<< April 28, 2021 | Home | April 30, 2021 >>

Kafka Record Patterns for Data Replication

Imagine going down to your local milkshake bar and signing a contract with the owner so that you could purchase bespoke drinks at a set price. Let's say you agreed on fresh milk with 3.5% fat and one tablespoon of chocolate powder, per 500ml of milk.  Putting that into a table might look like this:

PK contract_number start fat_content chocolate_powder
100 12345678 2021-01-01 3.5% 1 tbsp

After a few weeks, your tastebuds become a little desensitised and you decide you want to add some more chocolate powder.
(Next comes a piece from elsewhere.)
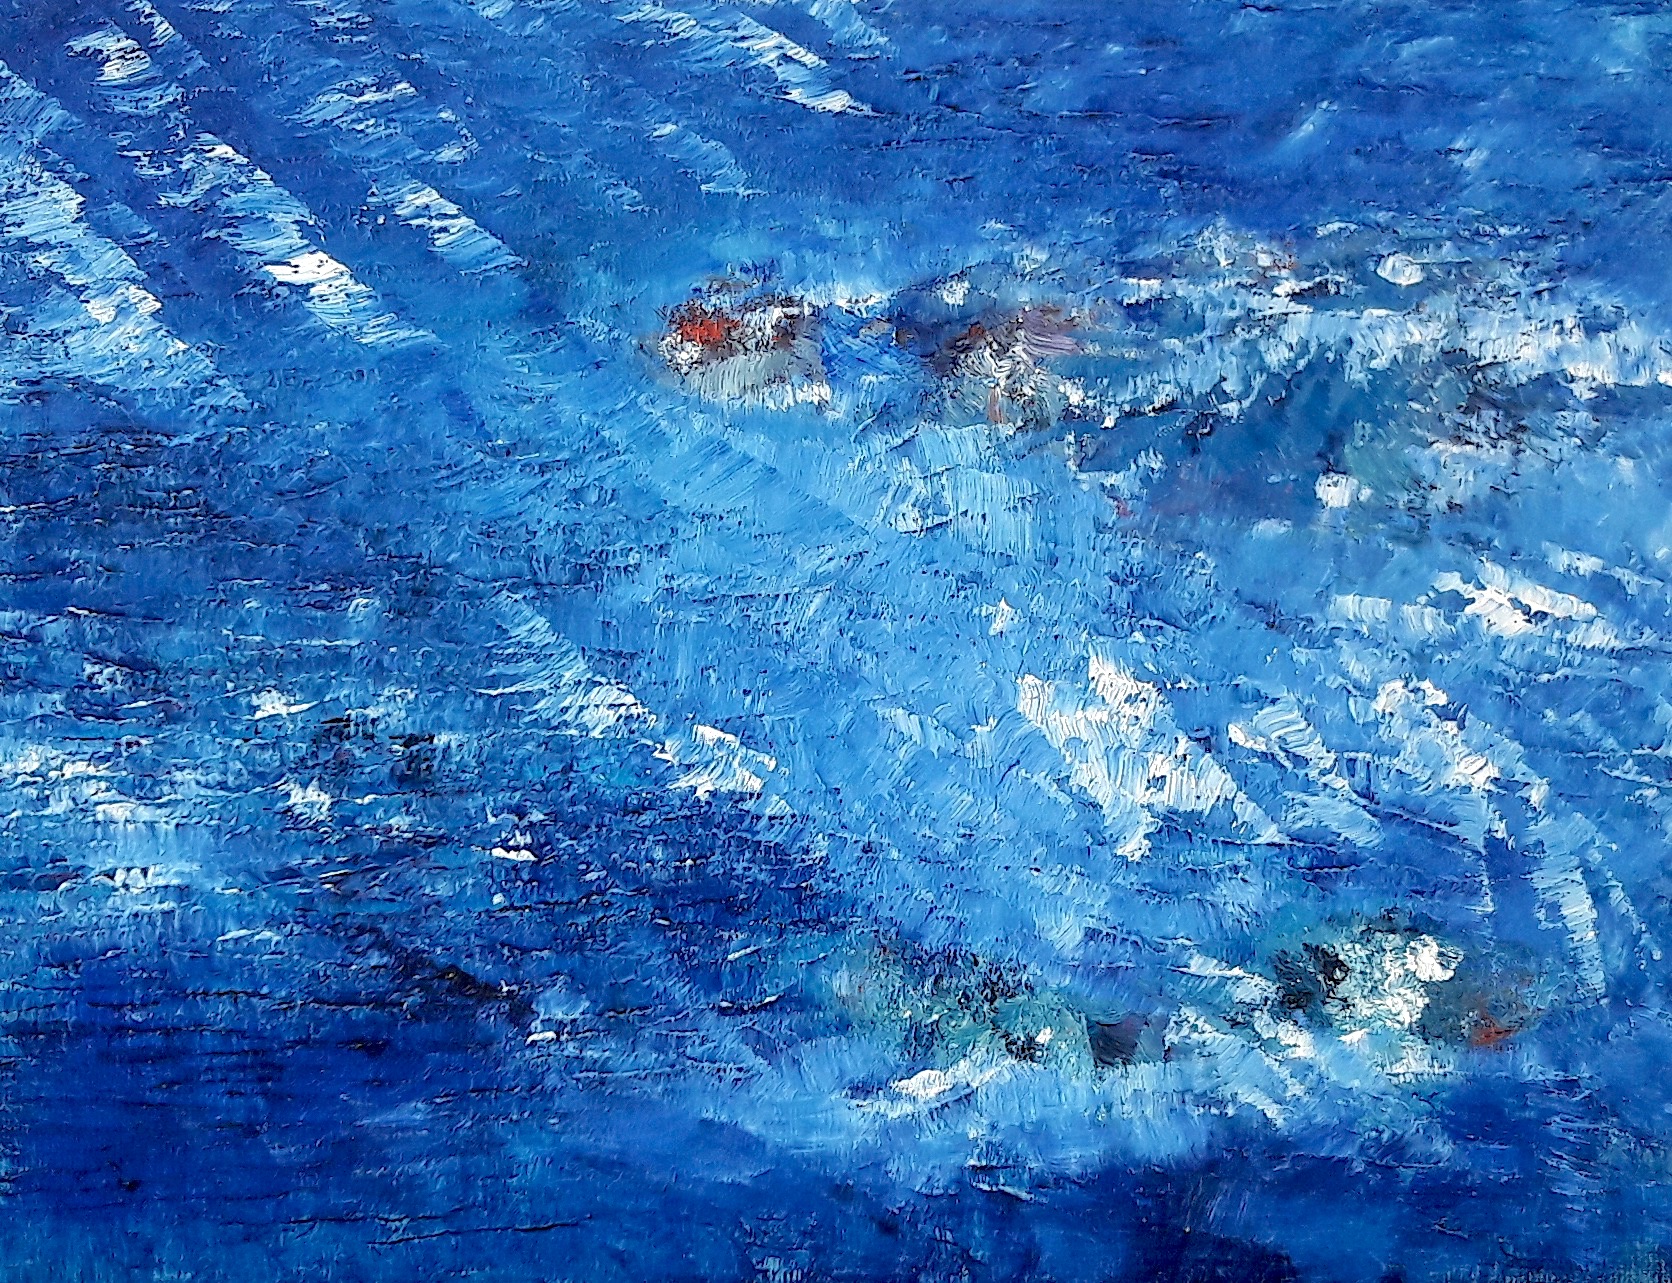 painting of a reef in the ocean, seen from above, in an helicopter, by Samuel Rondiere a.k.a. Sam Elka

The owner is agile, so he adjusts the contract, meaning we need to add a few columns in order to track validity:

PK contract_number contract_from start end fat_content chocolate_powder
100 12345678 2021-01-01 0001-01-01 2021-01-31 3.5% 1 tbsp
101 12345678 2021-01-01 2021-02-01 9999-12-31 3.5% 2 tbsp

Note two things: 1) this table is not normalised and 2) I used a low date (year 0001) and high date (year 9999) for the start of the first row and the end of the last row.

In reality we would probably normalise this data. For the sake of this example, I won't because it will make it more readable as I add more information below.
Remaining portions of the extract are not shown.